INFORMATION SHOWN Block Start
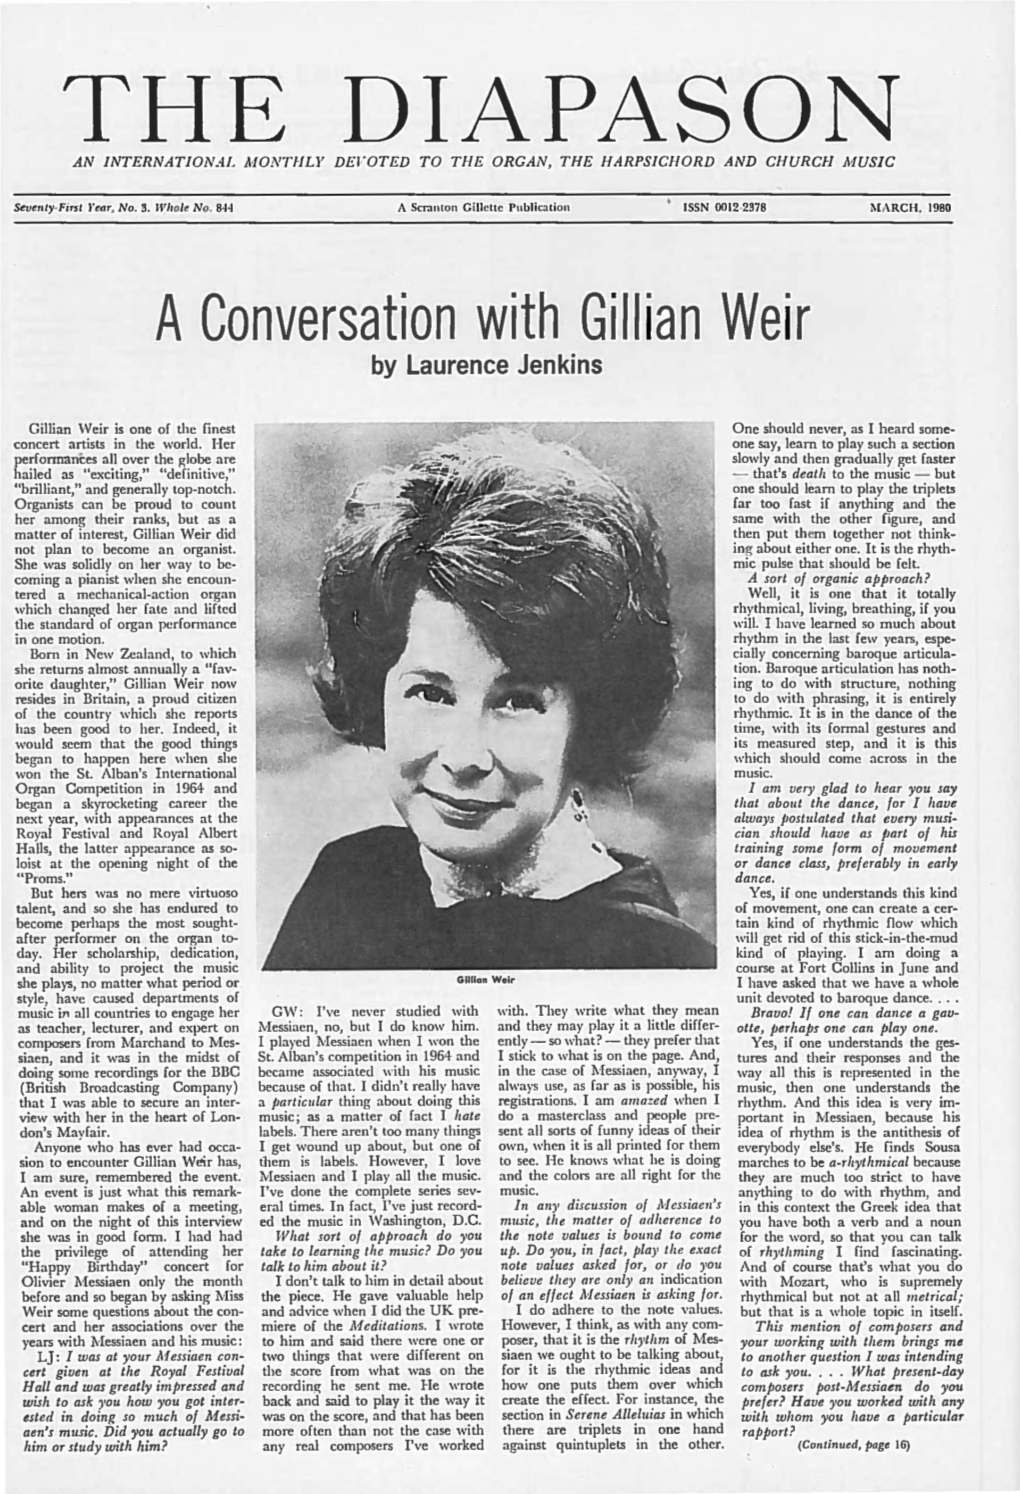 A Conversation with Gillian Weir
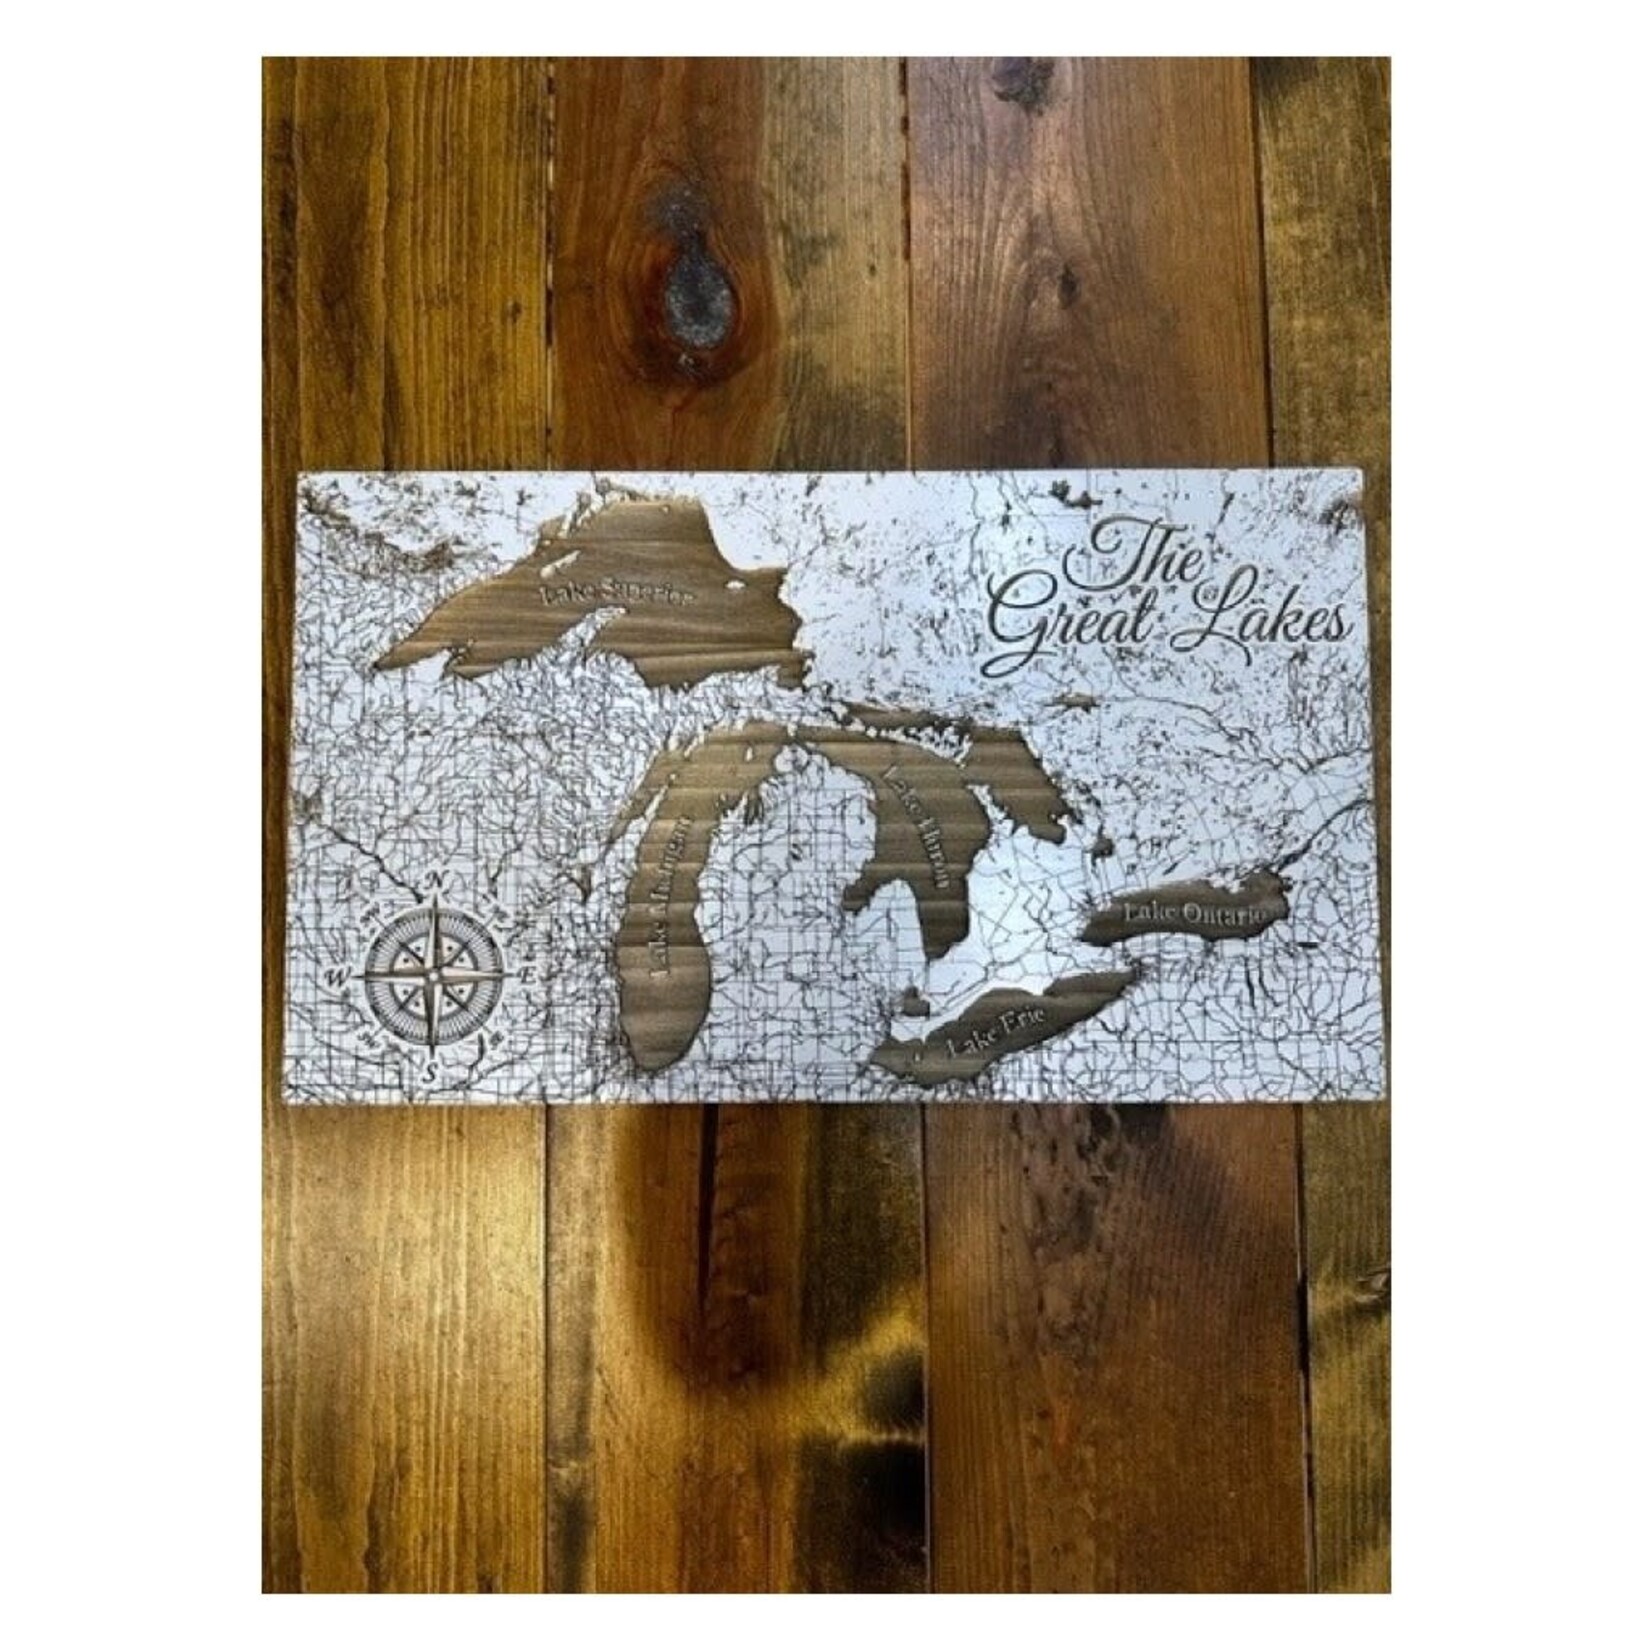 Great Lakes Map - Schmedium -
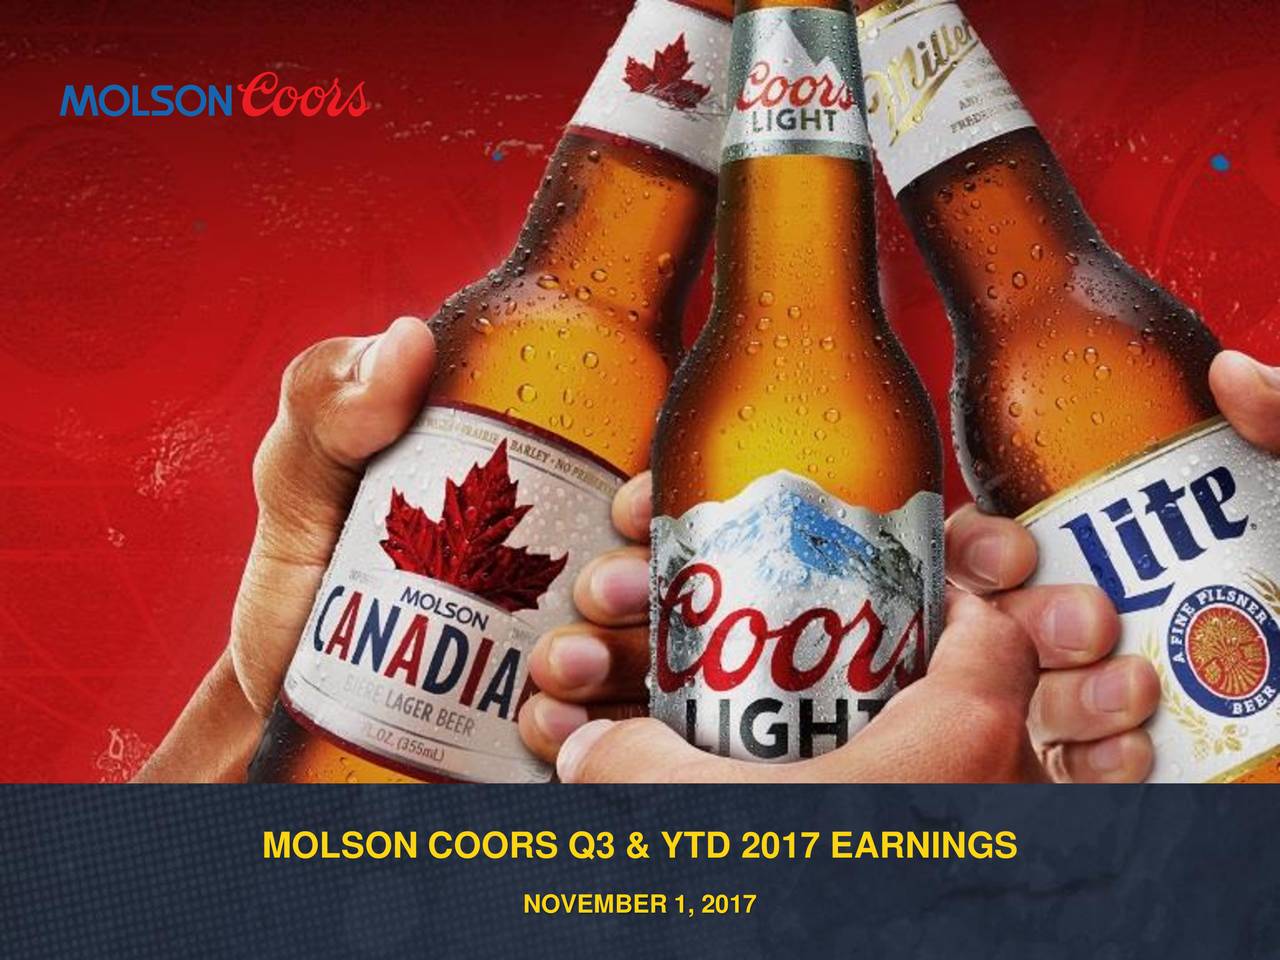 MOLSON COORS Q3 & YTD 2017 EARNINGS
INFORMATION SHOWN Block End
[WHAT YOU HAVE TO DO]: Copy the listing exactly. Any image in it stays out of the copy.

[RESULT]:
 A Conversation with Gillian Weir
 Great Lakes Map - Schmedium -
 MOLSON COORS Q3 & YTD 2017 EARNINGS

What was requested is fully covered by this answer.